There is the council house right-to-buy scheme, under which the current tenants are allowed to buy their homes at a 50% discount to the market price, then flog them at the full market price after three years.
This is a slightly bemusing transfer of wealth from the long-suffering taxpayer – who will have to pay for more social housing to be built at some point – to a few chosen tenants. And the actual capital transfer is, of course, only the half of it: the houses will be bought with mortgages made artificially cheap by quantitative easing (QE).
Then there is ‘Help to Buy’ (a transfer from the taxpayer to home buyers). Then we mention quantitative easing and the ongoing low interest-rate environment. This transfers money from savers to borrowers. It keeps people in houses they can’t really afford. And it pushes up asset prices along the way.

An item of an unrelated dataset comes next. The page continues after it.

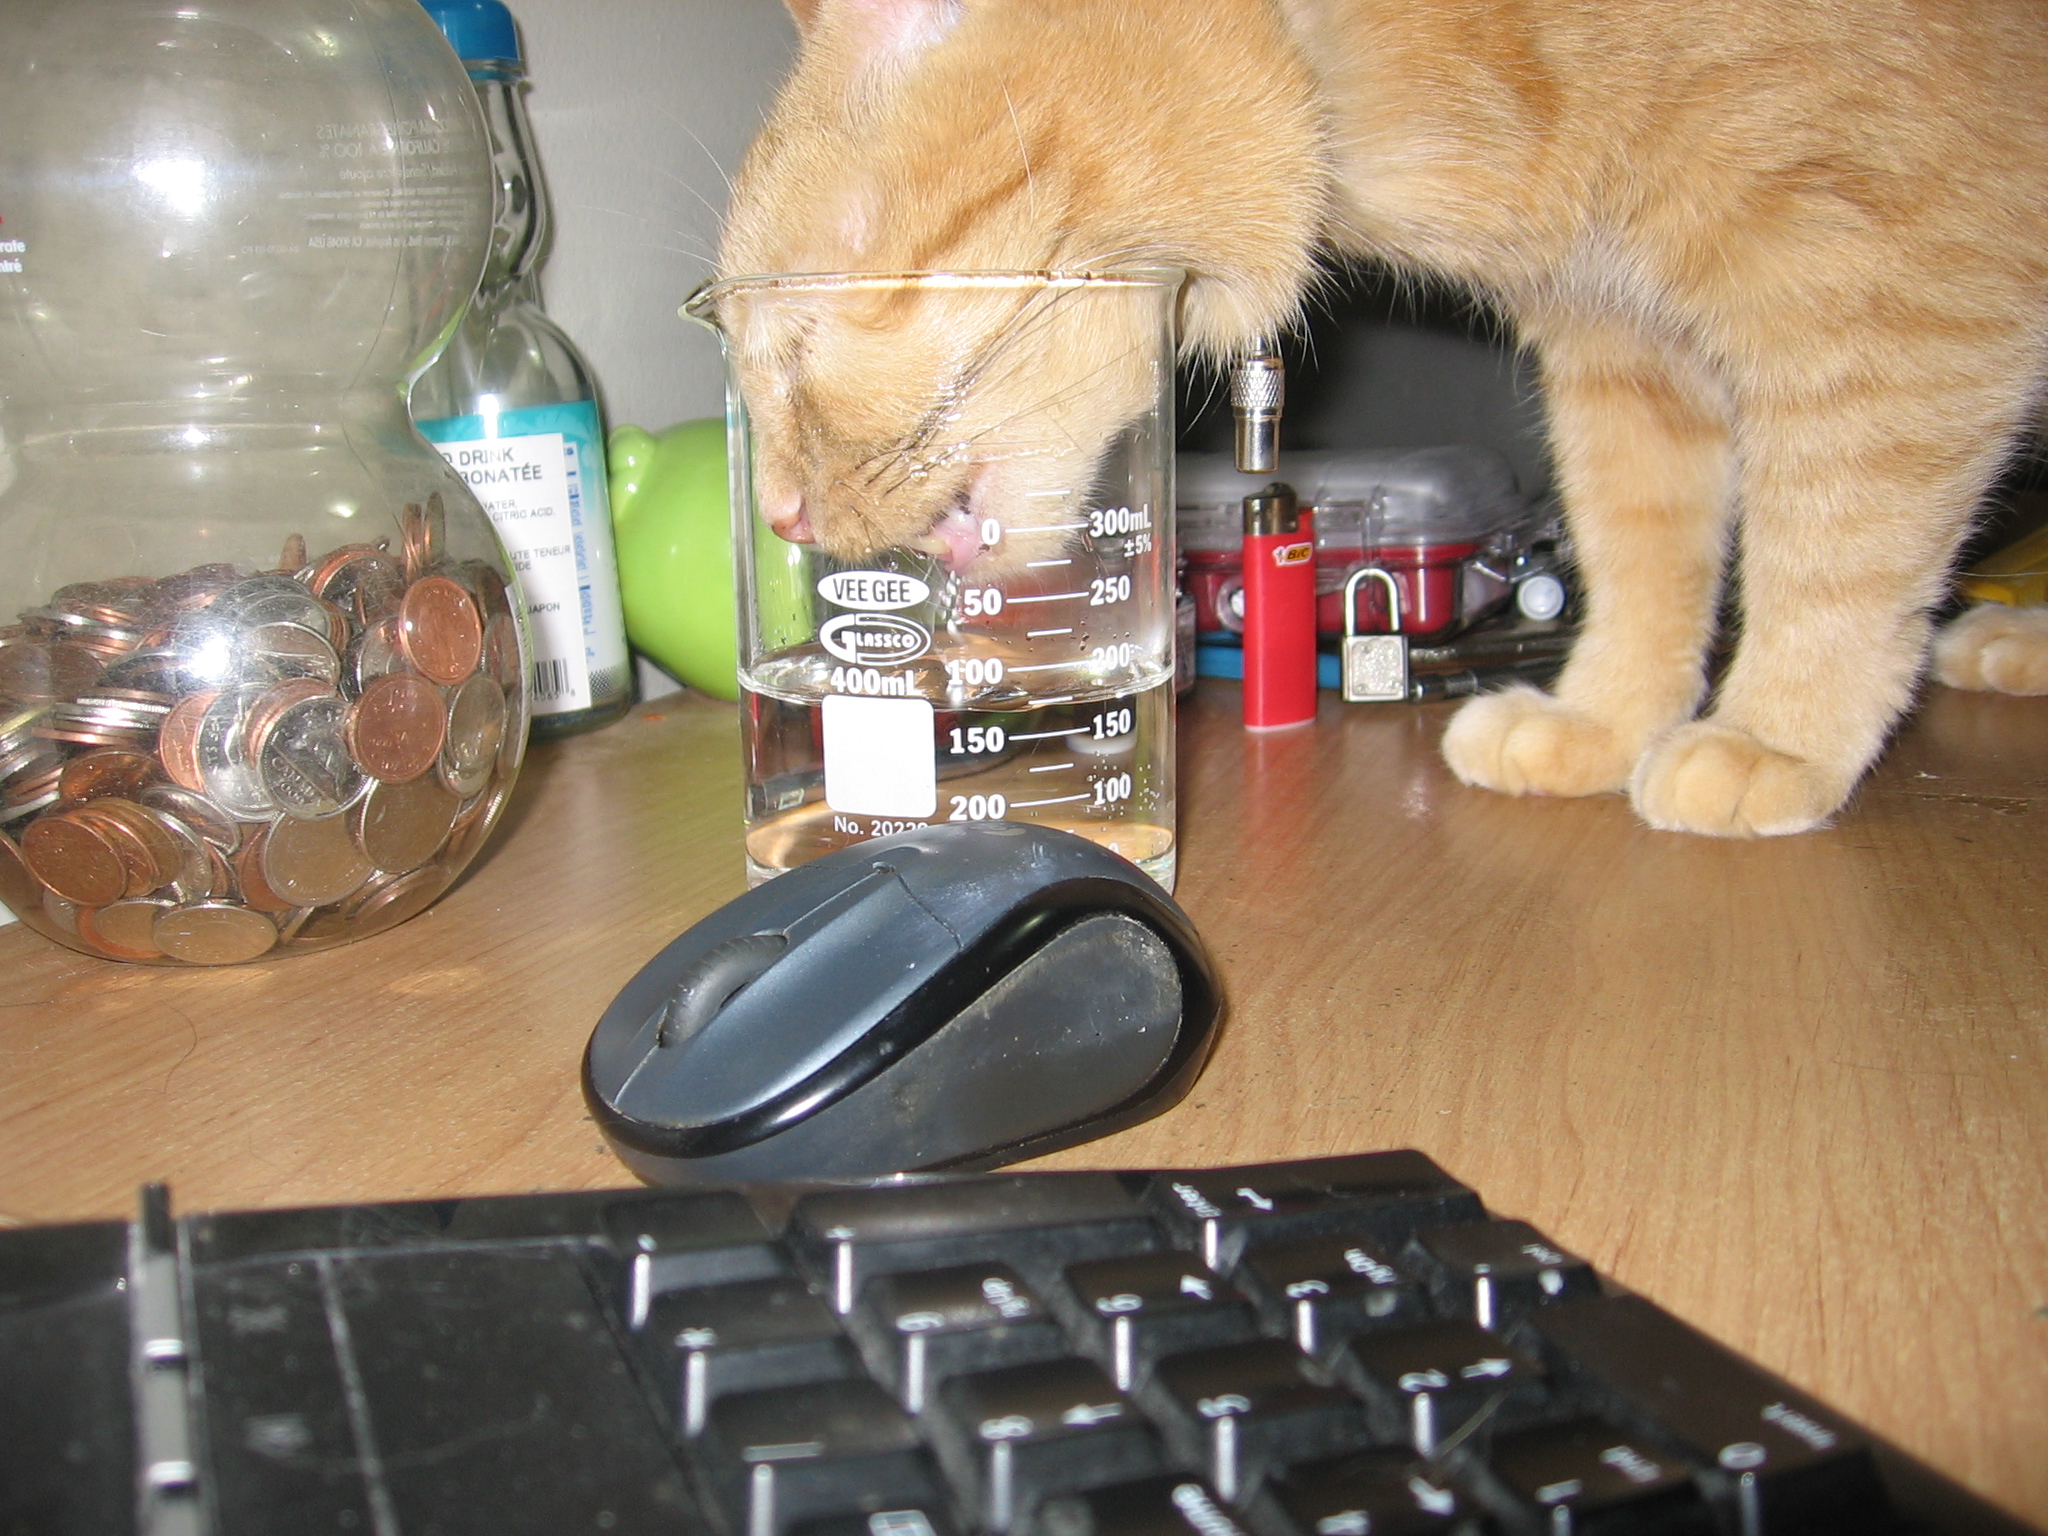 Another pic of Jack drinking water, a Pom juice contaner is holding loose change, and a keyboard and mouse are in the foreground.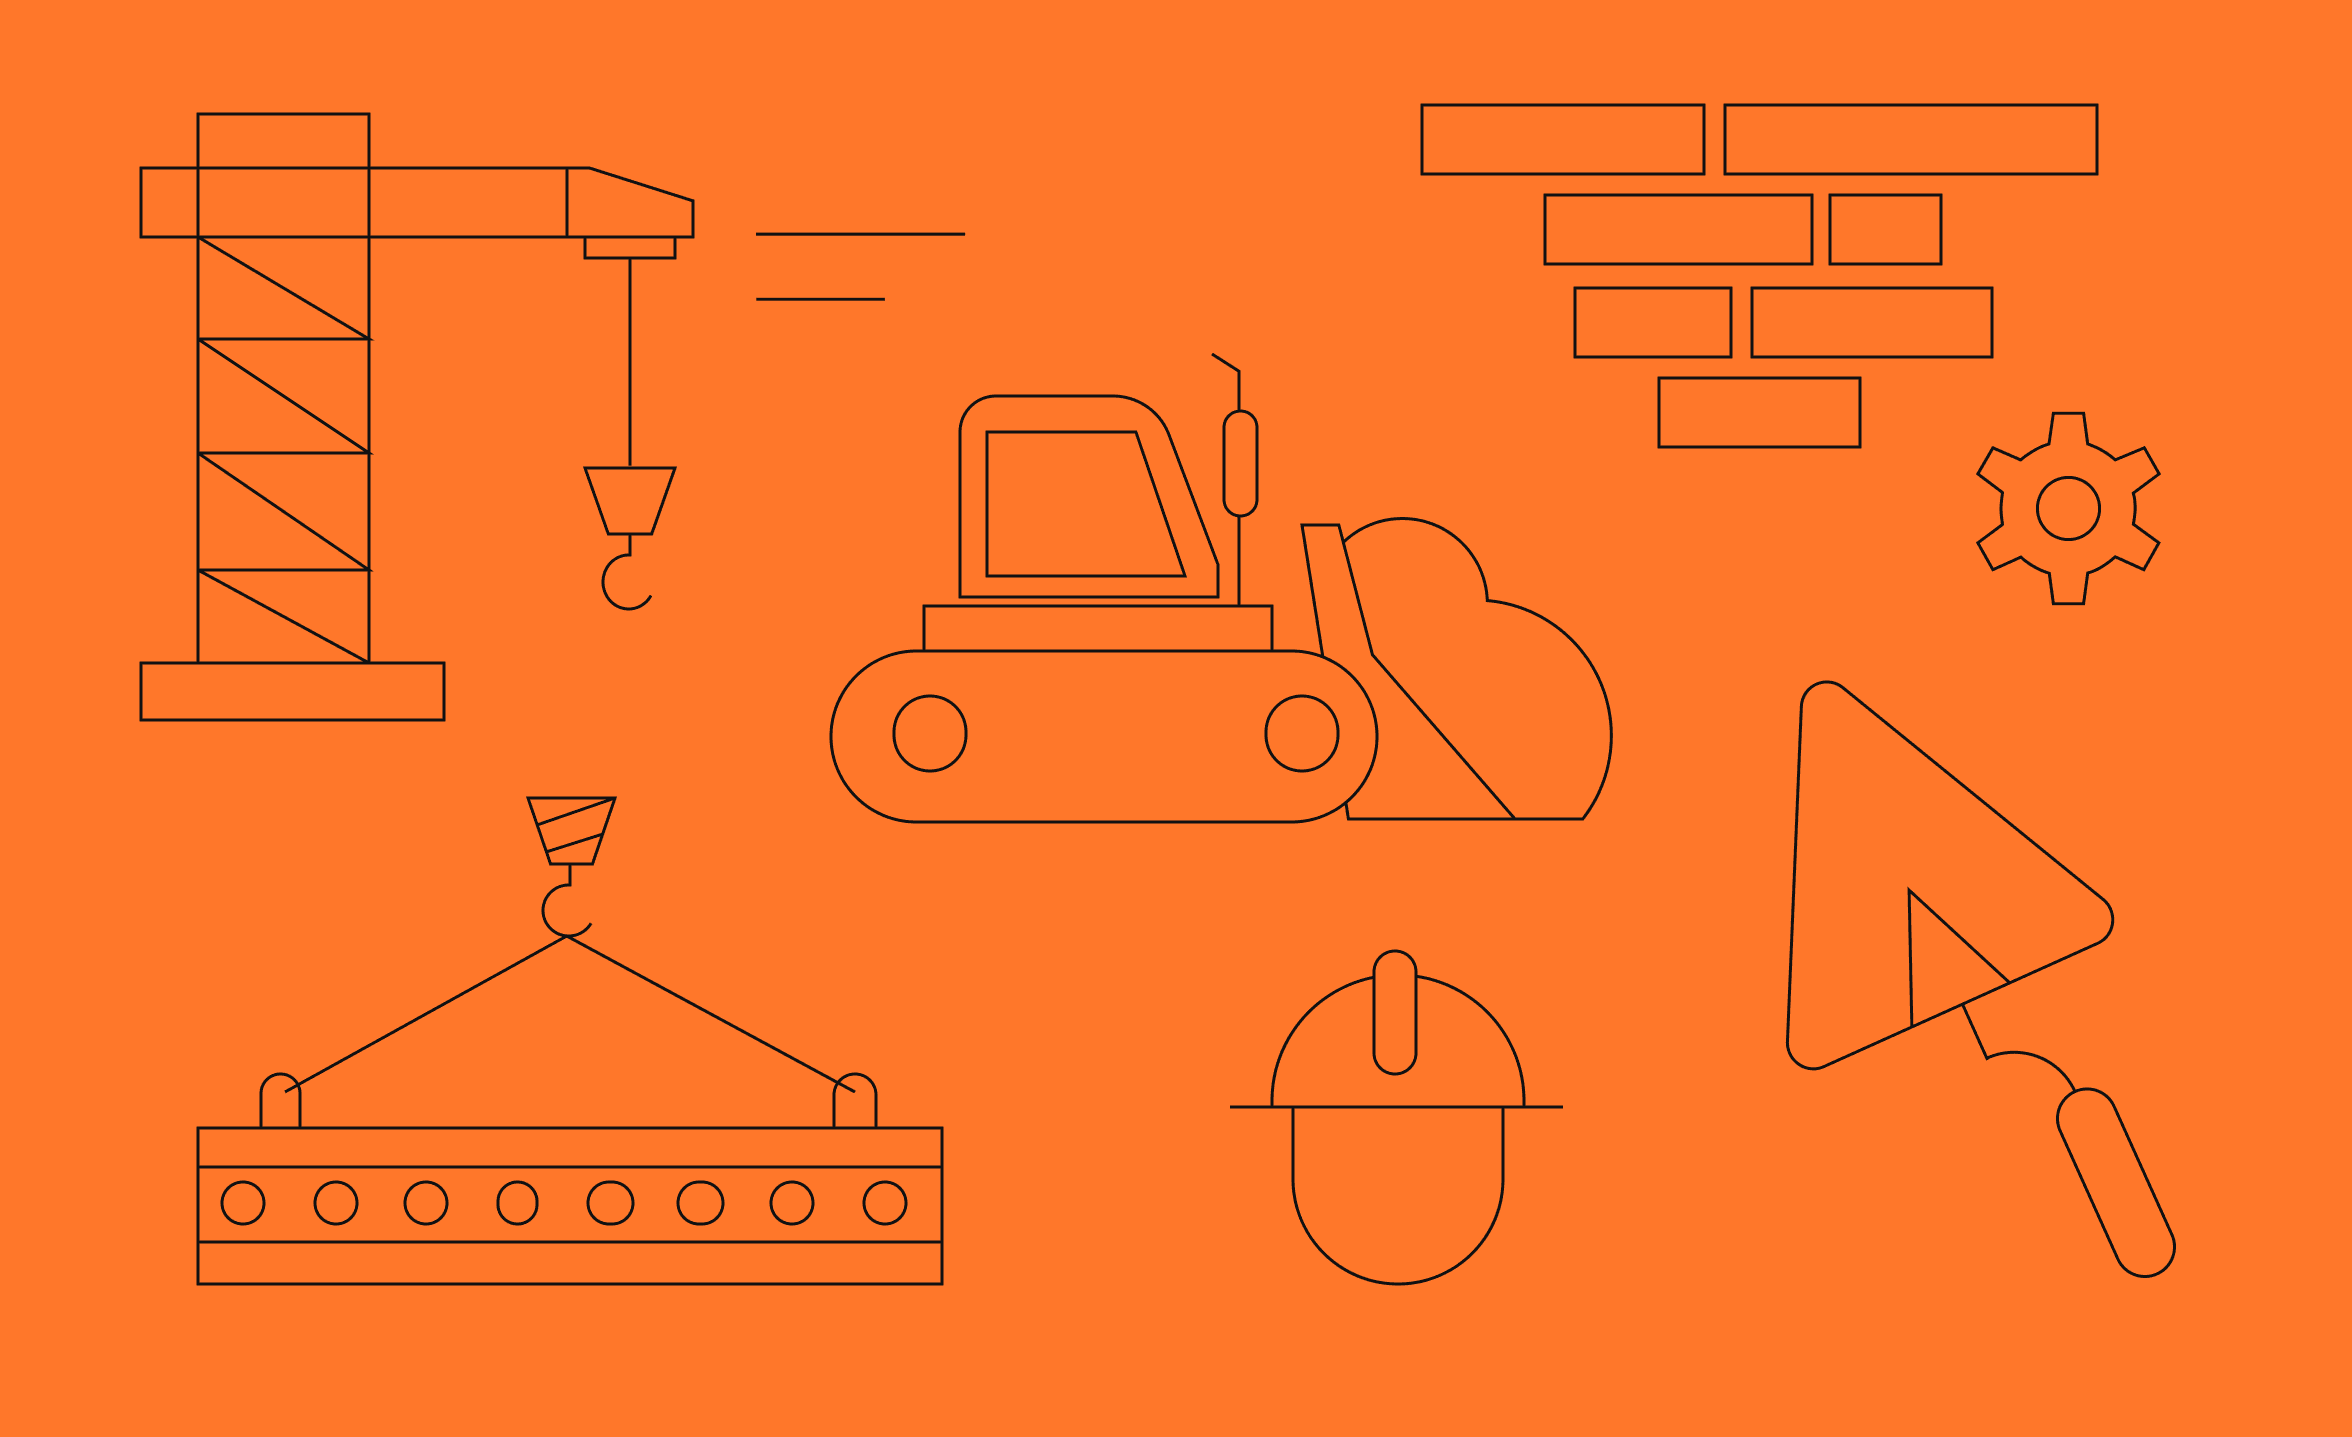 Line illustrations of construction-related icons, including a crane, bulldozer, trowel, and a person in a hard hat.

But if you look at a good number of the transfers across the economy, it is clear that most of them are trying to compensate for the same thing – low wages.
We look at how the creation of bad incentives in the corporate world has pushed up profits at the expense of investment and wages. Governments have intervened with minimum wages to try and prevent living standards from falling below certain levels. But it hasn’t been enough.
An article in The Independent this week noted that the minimum wage in Britain has – thanks to inflation – now fallen well below the level that allows for a reasonable standard of living. That means vast expense for taxpayers here, as the welfare state is forced to effectively step in (via welfare to workers) to pay the wages that companies won’t (and often say they can’t).
We can’t afford to keep doing this – we can’t afford it in cash terms (particularly given the low tax take from big corporations these days). We also can’t afford to keep going with the endless economic distortions that our compensatory transfer policies create. You could argue, for example, that the financial crisis was in part a result of the low waged over-borrowing to maintain their lifestyles.
However, as Bill Bonner notes, it isn’t just about us: low wages are a problem across the world. And that isn’t sustainable (see here for more on this from John Stepek). We can’t say how or when the share of GDP going to workers will rise, and the share going to capital in the form of profits will fall. But the huge fast-food strike in America should surely give you a hint that it might be sooner than you think.
One more reason to prepare for the return of inflation.